Extraction-count agreement (1053 workbooks)

On every feature both parsers extract, the drift is zero or near-zero:

feature hucre ks-xlsx-parser drift
formulas 46,411 46,433 0.05%
tables 523 523 0
merges 10,488 10,488 0
conditional-format rules 70 70 0
data validations 503 503 0
hyperlinks 511 511 0
comments 486 486 0
named ranges 822 809 1.6% (tracked)

The 22-formula disagreement is dominated by one real-world workbook where we parse 16 formulas that hucre misses — we surface this in the drift report, not hide it.

The cell-count difference on adversarial merge-heavy files (we emit ~50% more rows) is a methodology difference: ks-xlsx-parser counts every addressable cell in a merged region; hucre counts the master cell only. Both are defensible; document in the drift report generated by the benchmark harness.


Our accuracy commitment

Every perf change in ks-xlsx-parser has to pass, in order:

  1. The 1631-test pytest suite (unit + integration + corpus-slice)
  2. Cross-validation against calamine — the Rust reference parser — on a golden fixture set
  3. Zero regressions on the SpreadsheetBench robustness baseline (5,458 real-world workbooks)
  4. Feature-count stability vs. the hucre benchmark above

That's the order. If a perf change breaks any gate, we don't ship it. Every number on this page came from a run that passed all four gates.
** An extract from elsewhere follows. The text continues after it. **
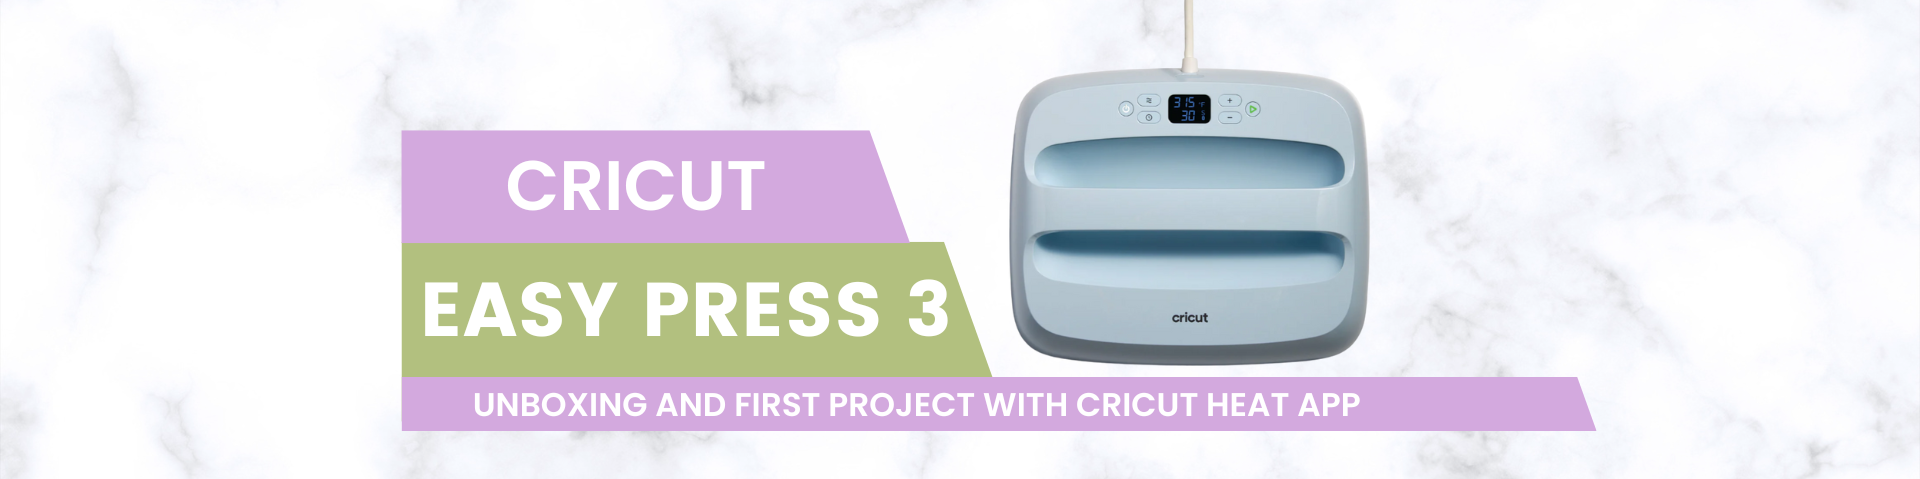 Easy Press 3: Unboxing and First Project with Cricut Heat App

If you're building RAG / agent / auditing pipelines where a silently dropped formula or a misread merge is a user-visible bug, that order matters. If you're shipping an I/O library for edge runtimes, use hucre — it's the right tool.


Reproducing these numbers

The benchmark harness lives at tests/benchmarks/. Full details in tests/benchmarks/README but the short version:

# From the repo root, in the ks-xlsx-parser venv
cd tests/benchmarks/hucre_node && pnpm install --frozen-lockfile
cd ../../..

# Download SpreadsheetBench once
make corpus-download

# Full mode (default)
python -m tests.benchmarks.vs_hucre \
    --corpus data/corpora/spreadsheetbench --out tests/benchmarks/reports

# Fast mode
KS_PARSE_MODE=fast python -m tests.benchmarks.vs_hucre \
    --corpus data/corpora/spreadsheetbench --out tests/benchmarks/reports

Outputs (under tests/benchmarks/reports/<timestamp>_<git-sha>/):

  • results.csv — one row per (file, parser) pair
  • raw.ndjson — full per-row records (nullable fields preserved)
  • failures.jsonl — status != ok rows
  • summary.md — aggregate counts, capability matrix, perf percentiles
  • drift.md — per-feature disagreement between parsers
  • manifest.json — run metadata (git sha, node / python versions, host, timestamp, CLI args)

The harness:

  • Pins hucre exact (0.3.0, --frozen-lockfile) so numbers are reproducible
  • Randomises (file, parser) ordering per seed to kill OS-page-cache bias
  • Each parser times itself in-process; Python driver doesn't measure the other
  • Per-file 60s timeout, 4 GB memory ceiling, worker respawn per 50-file batch
  • Uses null (not 0) for features a parser doesn't model — the summary generator distinguishes them

Credit

This comparison wouldn't exist without hucre and its author @productdevbook. Their work on a zero-dep TypeScript parser pushed us to actually measure our perf floor and invest in the Rust fast-path, the Tarjan's SCC swap, and parse_workbook(mode='fast').

If you need a fast, tiny, edge-runtime xlsx / csv / ods library with write support — that's them, not us.